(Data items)

——

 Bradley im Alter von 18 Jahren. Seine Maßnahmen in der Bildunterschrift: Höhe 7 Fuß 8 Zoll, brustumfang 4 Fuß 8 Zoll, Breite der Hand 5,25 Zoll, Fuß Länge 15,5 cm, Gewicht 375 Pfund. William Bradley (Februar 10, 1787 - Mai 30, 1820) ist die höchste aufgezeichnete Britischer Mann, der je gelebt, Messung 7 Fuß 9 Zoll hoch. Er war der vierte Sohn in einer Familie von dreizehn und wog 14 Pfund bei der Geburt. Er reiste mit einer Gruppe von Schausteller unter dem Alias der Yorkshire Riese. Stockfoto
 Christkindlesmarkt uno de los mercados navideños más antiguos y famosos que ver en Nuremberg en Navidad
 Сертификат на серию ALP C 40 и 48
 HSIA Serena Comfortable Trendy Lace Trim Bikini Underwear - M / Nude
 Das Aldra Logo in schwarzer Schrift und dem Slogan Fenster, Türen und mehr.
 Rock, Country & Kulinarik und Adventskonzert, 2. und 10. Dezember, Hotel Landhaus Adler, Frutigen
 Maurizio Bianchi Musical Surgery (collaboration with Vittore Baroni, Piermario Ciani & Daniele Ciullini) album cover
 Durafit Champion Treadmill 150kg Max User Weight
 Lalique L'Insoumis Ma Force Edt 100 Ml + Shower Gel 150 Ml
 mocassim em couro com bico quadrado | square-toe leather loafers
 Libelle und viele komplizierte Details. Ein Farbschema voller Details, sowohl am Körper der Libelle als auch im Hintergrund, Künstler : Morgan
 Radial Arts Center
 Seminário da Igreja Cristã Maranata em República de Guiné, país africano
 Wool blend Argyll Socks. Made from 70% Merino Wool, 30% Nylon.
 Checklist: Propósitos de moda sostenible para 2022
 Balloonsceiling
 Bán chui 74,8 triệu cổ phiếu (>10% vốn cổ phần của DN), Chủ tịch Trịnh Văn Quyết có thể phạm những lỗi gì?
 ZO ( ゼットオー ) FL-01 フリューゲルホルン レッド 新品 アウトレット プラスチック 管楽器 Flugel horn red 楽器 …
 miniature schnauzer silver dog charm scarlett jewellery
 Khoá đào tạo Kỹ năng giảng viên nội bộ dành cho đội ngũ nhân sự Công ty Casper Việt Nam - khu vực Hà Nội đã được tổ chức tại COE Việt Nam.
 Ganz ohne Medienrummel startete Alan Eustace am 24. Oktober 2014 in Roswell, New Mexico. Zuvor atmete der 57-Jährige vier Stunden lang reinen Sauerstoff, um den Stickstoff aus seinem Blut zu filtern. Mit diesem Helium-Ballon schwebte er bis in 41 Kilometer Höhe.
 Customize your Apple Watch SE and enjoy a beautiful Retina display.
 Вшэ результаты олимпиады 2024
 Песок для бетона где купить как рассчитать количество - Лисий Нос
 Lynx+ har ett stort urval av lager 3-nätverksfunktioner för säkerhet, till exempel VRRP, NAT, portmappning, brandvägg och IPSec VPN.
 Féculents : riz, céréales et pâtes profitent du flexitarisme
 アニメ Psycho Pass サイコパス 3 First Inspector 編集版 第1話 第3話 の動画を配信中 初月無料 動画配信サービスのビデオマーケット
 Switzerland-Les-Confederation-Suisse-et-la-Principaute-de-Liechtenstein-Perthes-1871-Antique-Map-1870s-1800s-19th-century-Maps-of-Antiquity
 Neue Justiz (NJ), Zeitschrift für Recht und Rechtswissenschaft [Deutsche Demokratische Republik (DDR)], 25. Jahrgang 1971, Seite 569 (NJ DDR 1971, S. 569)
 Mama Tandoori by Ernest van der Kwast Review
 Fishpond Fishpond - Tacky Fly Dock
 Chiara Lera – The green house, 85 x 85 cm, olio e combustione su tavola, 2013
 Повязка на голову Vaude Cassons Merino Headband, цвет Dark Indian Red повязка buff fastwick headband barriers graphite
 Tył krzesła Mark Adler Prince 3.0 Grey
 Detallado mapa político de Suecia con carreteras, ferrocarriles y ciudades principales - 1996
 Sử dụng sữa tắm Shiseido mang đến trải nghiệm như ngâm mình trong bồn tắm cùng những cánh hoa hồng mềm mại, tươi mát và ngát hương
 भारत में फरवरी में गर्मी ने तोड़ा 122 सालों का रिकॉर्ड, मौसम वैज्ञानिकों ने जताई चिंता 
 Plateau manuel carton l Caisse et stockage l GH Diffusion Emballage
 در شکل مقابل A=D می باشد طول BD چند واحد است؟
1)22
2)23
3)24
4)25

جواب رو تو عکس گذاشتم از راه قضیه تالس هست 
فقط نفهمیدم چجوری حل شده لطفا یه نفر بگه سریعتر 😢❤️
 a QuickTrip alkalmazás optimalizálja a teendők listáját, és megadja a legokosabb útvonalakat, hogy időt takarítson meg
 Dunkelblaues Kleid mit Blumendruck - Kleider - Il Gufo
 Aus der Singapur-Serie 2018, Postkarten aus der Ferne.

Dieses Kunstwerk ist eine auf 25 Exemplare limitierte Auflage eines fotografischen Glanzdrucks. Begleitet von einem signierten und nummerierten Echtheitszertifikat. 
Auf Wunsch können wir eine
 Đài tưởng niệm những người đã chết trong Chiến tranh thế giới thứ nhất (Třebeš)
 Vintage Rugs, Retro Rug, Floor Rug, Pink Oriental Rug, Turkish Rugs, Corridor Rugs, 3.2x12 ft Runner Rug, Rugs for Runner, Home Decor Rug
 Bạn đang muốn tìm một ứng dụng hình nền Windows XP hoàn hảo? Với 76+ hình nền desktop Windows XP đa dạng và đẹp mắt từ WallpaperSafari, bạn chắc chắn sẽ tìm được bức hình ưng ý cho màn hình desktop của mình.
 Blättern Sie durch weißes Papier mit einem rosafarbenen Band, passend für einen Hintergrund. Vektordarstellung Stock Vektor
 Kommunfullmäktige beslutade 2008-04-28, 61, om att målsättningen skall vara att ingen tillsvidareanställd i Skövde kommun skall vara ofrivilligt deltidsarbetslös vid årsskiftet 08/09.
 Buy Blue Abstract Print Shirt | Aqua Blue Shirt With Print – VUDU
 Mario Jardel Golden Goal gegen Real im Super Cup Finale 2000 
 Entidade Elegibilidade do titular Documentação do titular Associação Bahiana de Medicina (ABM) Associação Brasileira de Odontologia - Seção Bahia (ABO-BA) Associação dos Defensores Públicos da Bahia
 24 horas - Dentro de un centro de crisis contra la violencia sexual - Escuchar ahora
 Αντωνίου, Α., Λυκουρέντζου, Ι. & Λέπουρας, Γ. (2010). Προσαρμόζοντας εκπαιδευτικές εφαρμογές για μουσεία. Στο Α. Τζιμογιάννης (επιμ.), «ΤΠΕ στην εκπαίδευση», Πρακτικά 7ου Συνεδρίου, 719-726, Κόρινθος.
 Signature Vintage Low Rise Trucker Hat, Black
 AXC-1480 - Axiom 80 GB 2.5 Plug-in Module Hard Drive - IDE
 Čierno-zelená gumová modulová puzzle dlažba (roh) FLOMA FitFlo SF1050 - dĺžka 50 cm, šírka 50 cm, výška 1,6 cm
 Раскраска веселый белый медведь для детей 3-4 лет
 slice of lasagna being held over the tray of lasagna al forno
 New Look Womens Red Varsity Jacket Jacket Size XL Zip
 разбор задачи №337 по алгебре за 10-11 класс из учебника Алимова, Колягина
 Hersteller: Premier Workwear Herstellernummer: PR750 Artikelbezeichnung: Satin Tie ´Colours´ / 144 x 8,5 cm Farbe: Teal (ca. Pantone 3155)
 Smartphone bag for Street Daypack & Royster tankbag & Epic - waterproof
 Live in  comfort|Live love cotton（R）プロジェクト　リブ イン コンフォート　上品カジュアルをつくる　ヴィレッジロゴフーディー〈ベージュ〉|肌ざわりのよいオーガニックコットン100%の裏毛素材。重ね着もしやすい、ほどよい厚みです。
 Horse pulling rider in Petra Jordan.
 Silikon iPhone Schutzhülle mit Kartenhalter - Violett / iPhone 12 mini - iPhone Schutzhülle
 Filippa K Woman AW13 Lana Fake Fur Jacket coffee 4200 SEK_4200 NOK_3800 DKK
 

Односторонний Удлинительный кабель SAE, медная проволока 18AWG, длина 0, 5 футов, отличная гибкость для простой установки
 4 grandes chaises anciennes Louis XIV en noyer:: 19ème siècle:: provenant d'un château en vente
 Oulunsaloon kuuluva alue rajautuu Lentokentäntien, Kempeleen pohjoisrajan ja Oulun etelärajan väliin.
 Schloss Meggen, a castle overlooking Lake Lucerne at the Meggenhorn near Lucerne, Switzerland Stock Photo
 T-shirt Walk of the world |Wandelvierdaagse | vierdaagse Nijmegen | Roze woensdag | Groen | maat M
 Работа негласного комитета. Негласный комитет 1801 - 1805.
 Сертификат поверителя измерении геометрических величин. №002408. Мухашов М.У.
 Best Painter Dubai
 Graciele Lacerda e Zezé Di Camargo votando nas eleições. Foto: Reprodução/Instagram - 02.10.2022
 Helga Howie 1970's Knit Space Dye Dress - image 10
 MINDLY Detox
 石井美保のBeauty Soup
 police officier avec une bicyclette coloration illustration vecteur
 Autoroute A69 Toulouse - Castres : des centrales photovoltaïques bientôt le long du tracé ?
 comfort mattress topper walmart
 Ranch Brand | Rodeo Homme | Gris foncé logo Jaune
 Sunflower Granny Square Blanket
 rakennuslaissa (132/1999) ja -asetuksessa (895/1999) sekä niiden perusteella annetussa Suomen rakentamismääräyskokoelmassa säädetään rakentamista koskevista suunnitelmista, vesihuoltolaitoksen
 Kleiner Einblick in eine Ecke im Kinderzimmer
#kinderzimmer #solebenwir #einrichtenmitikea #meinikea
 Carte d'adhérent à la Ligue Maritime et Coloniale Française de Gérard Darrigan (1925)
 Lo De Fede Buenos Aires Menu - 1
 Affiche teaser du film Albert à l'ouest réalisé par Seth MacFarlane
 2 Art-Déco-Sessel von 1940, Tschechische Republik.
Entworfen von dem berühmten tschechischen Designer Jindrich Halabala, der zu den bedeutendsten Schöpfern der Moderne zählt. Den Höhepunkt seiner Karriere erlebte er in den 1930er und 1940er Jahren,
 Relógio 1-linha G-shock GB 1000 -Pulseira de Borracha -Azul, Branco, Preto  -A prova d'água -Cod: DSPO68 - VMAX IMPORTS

——

Work to complete:
Your output should be an exact copy of every line from the one containing "Entworfen von dem" through the end of the records.

Output of the exercise:
Entworfen von dem berühmten tschechischen Designer Jindrich Halabala, der zu den bedeutendsten Schöpfern der Moderne zählt. Den Höhepunkt seiner Karriere erlebte er in den 1930er und 1940er Jahren,
 Relógio 1-linha G-shock GB 1000 -Pulseira de Borracha -Azul, Branco, Preto  -A prova d'água -Cod: DSPO68 - VMAX IMPORTS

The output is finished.